Task brief
Starting at the line that contains "LWI 2021 Houston", write out every line through the end of the records exactly as it stands, and leave out all pictures.

Supplied material
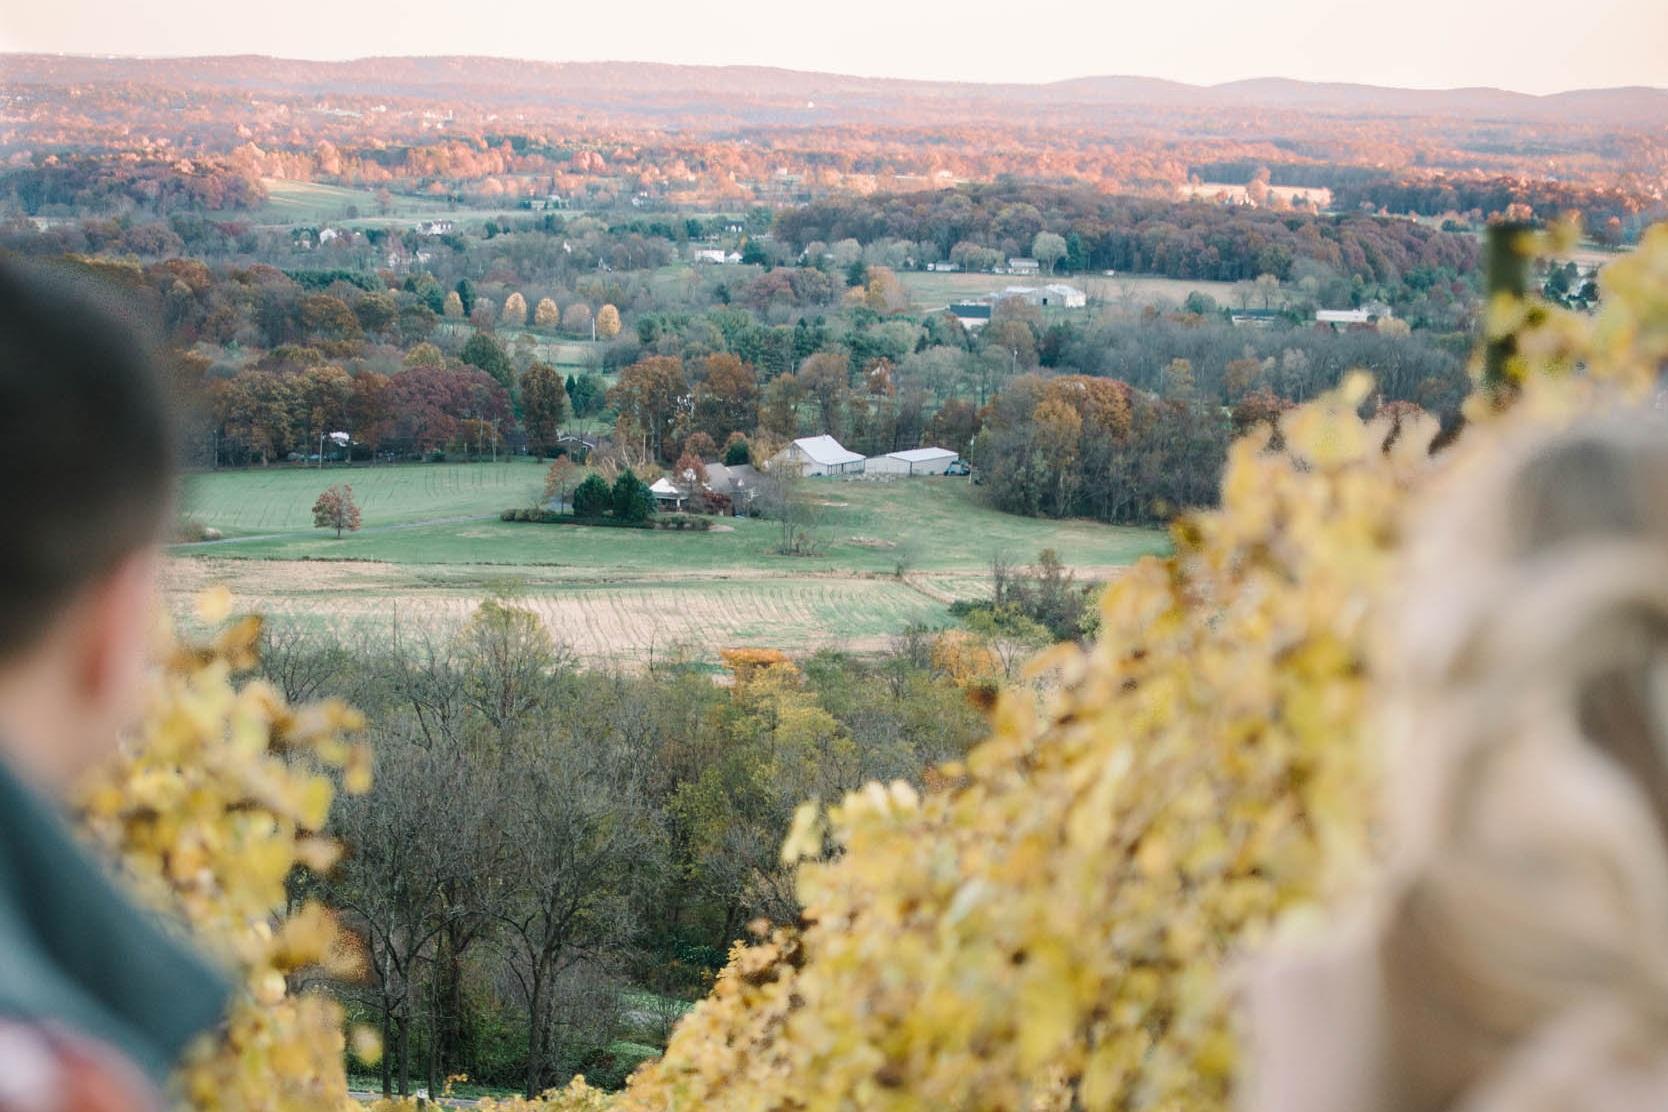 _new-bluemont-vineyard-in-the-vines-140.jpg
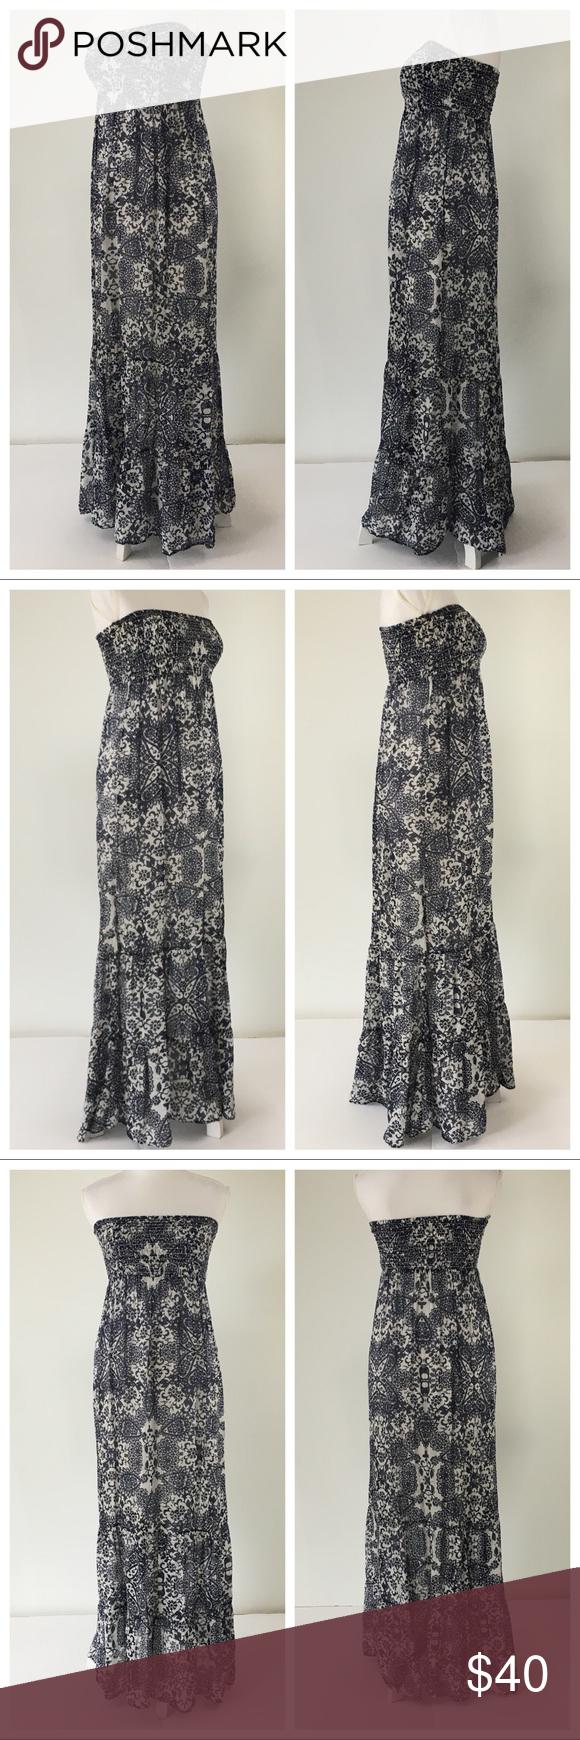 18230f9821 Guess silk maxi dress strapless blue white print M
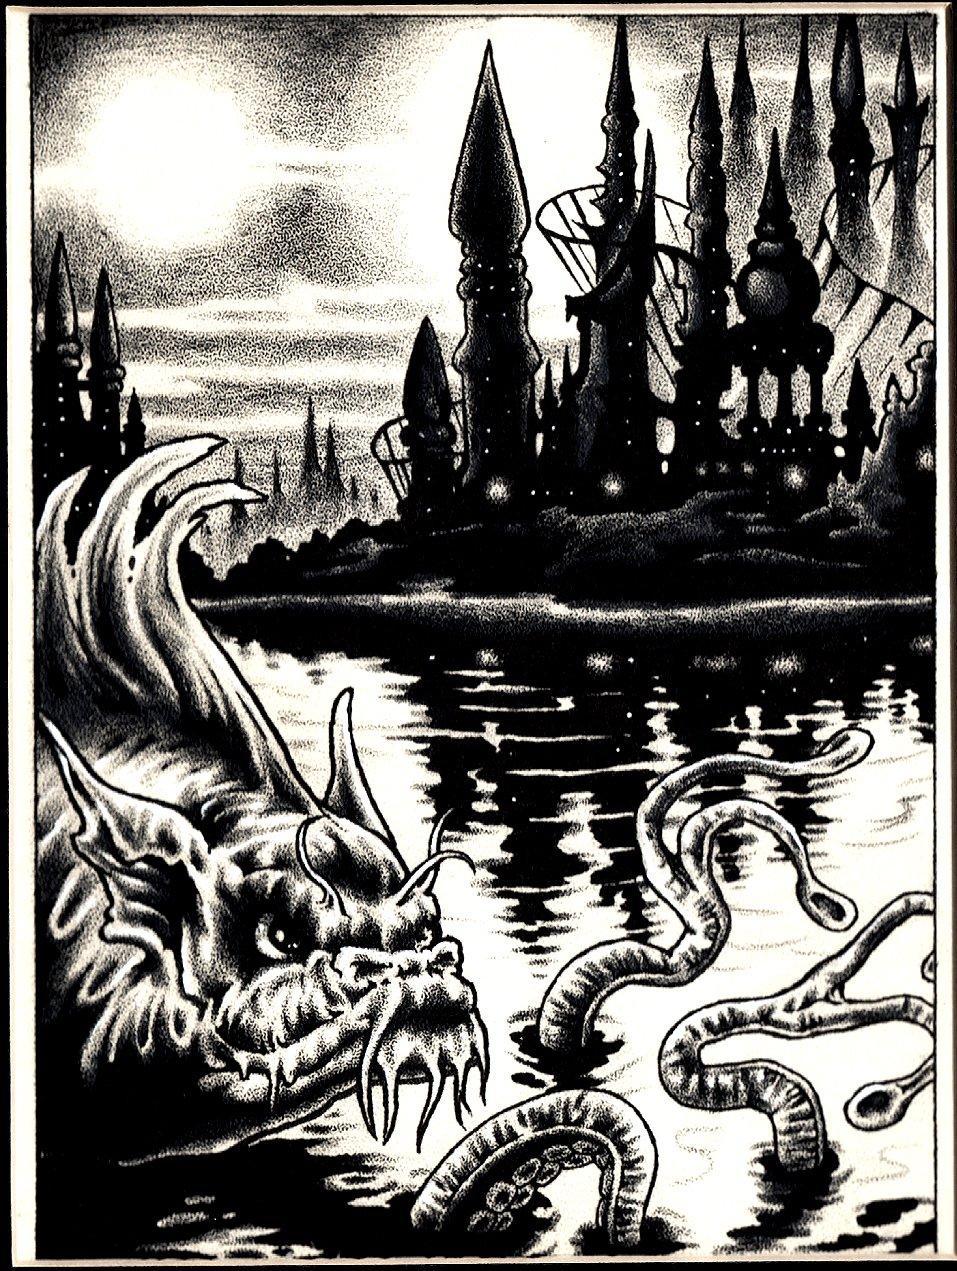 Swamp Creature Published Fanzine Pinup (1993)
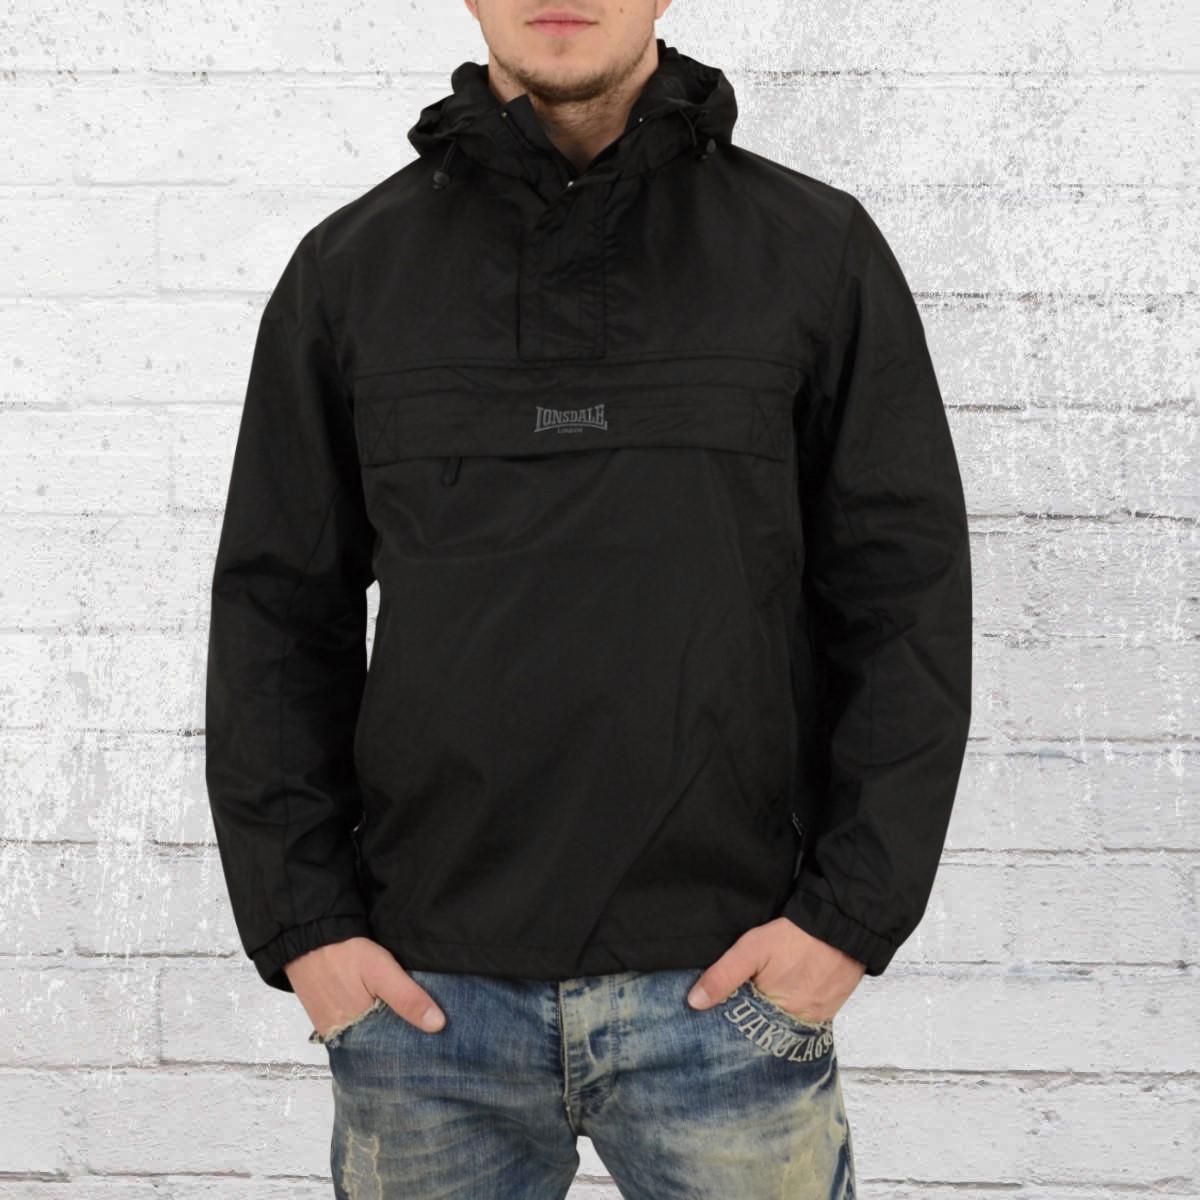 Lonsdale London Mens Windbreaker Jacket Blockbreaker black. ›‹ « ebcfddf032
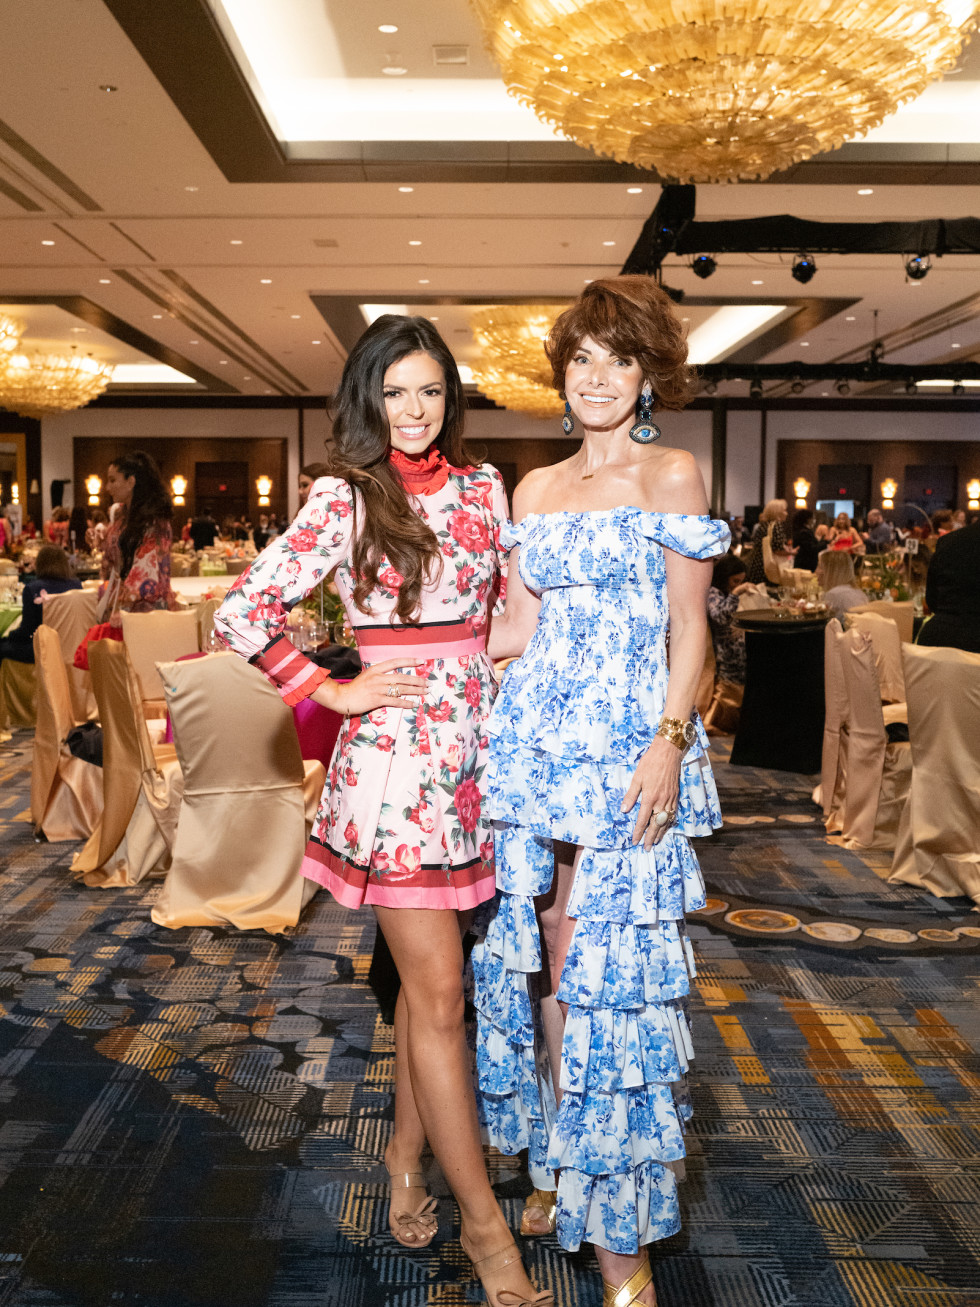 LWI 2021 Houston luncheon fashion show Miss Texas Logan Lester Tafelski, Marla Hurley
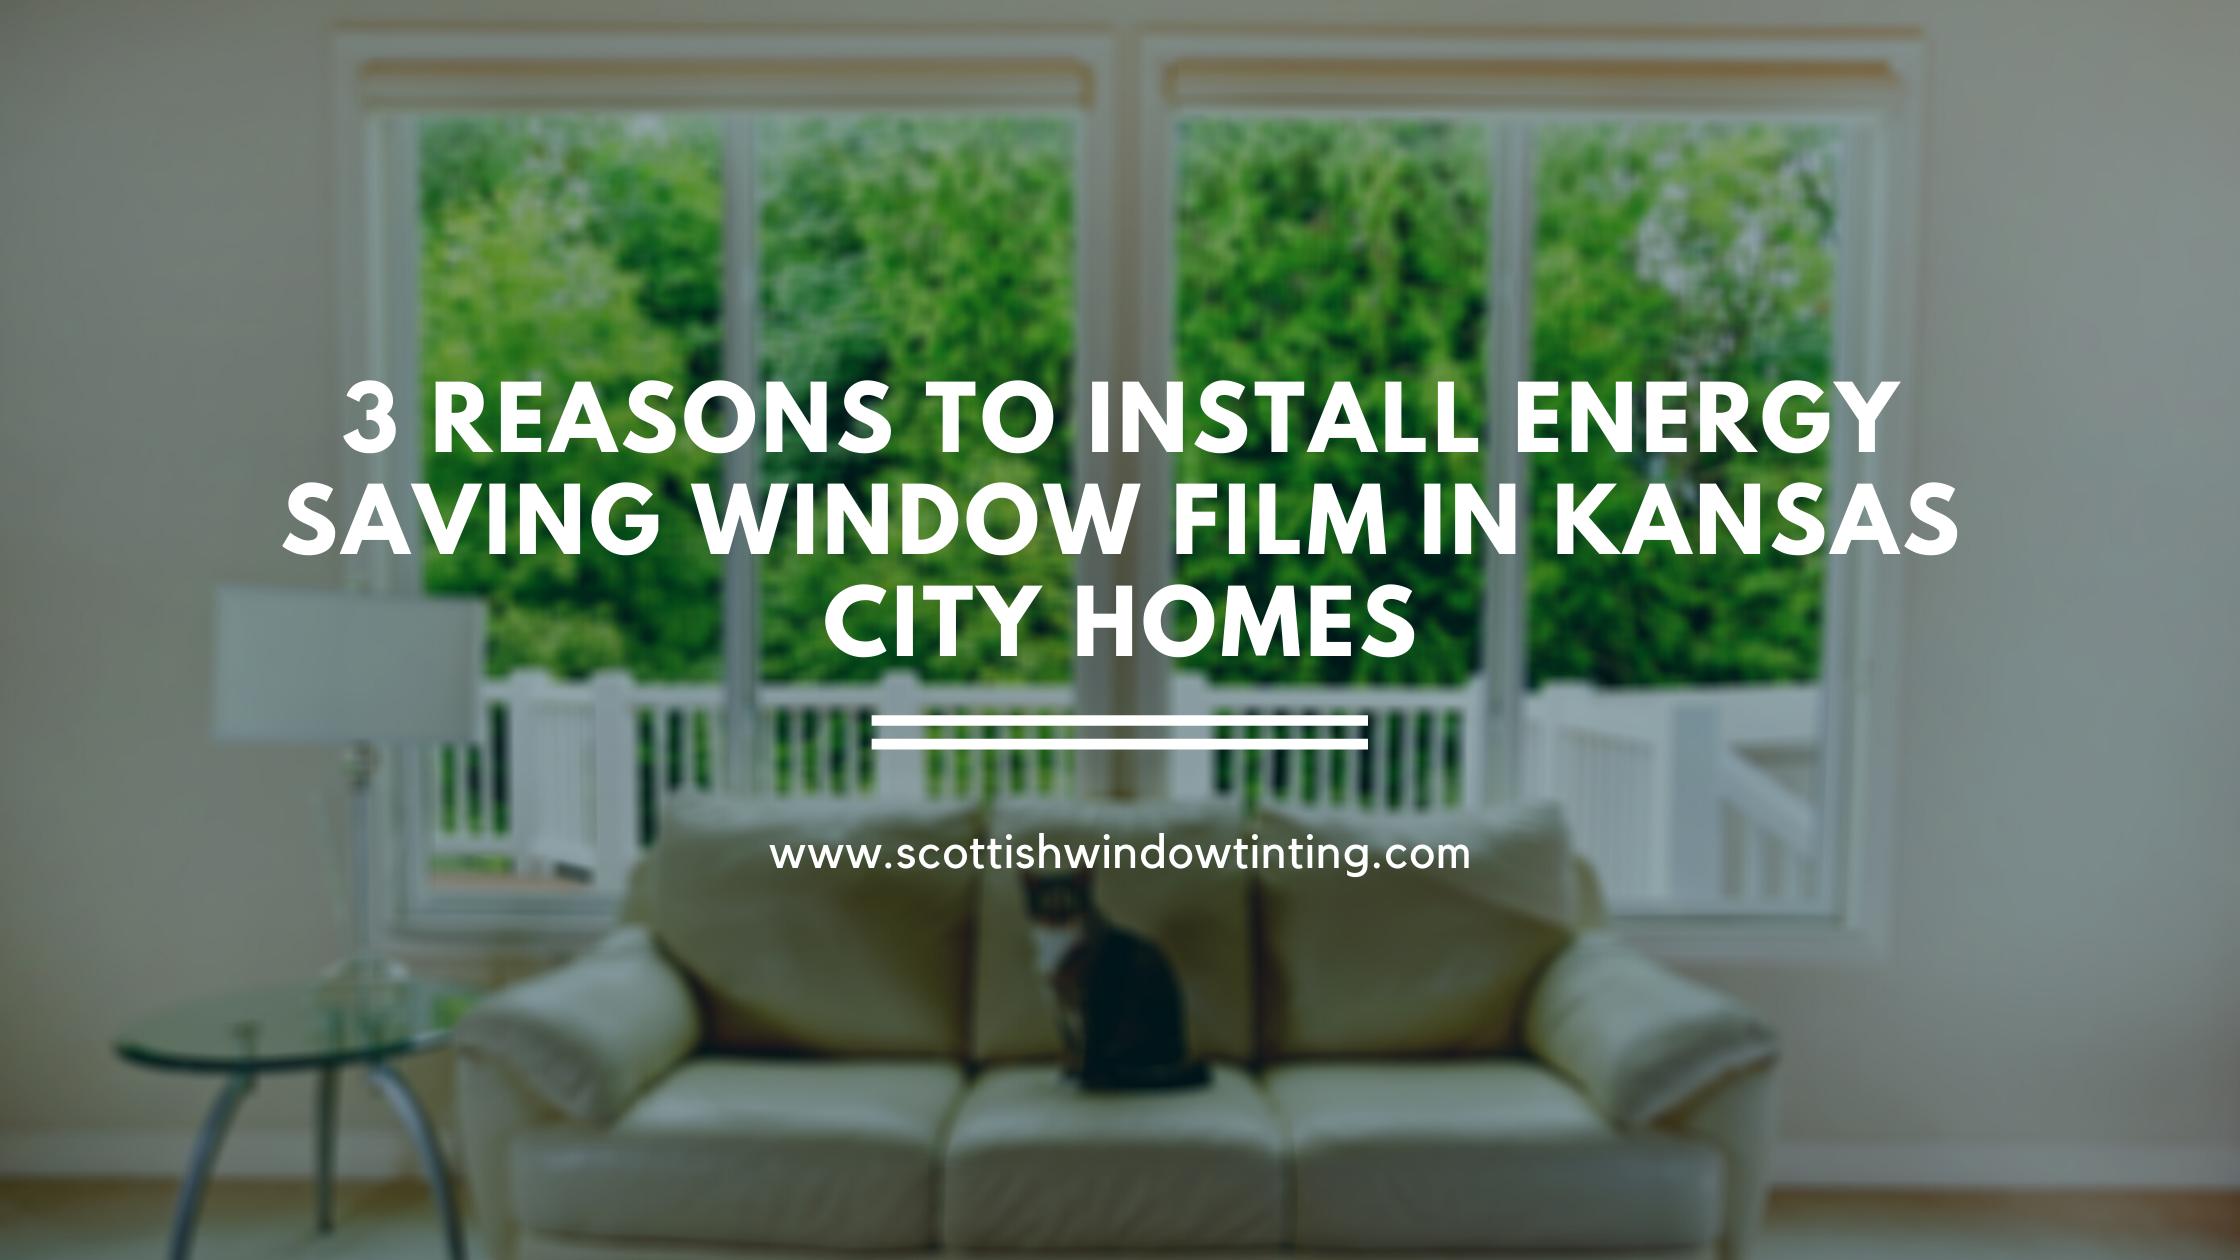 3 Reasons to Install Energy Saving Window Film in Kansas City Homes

Answer to this task
 LWI 2021 Houston luncheon fashion show Miss Texas Logan Lester Tafelski, Marla Hurley
 3 Reasons to Install Energy Saving Window Film in Kansas City Homes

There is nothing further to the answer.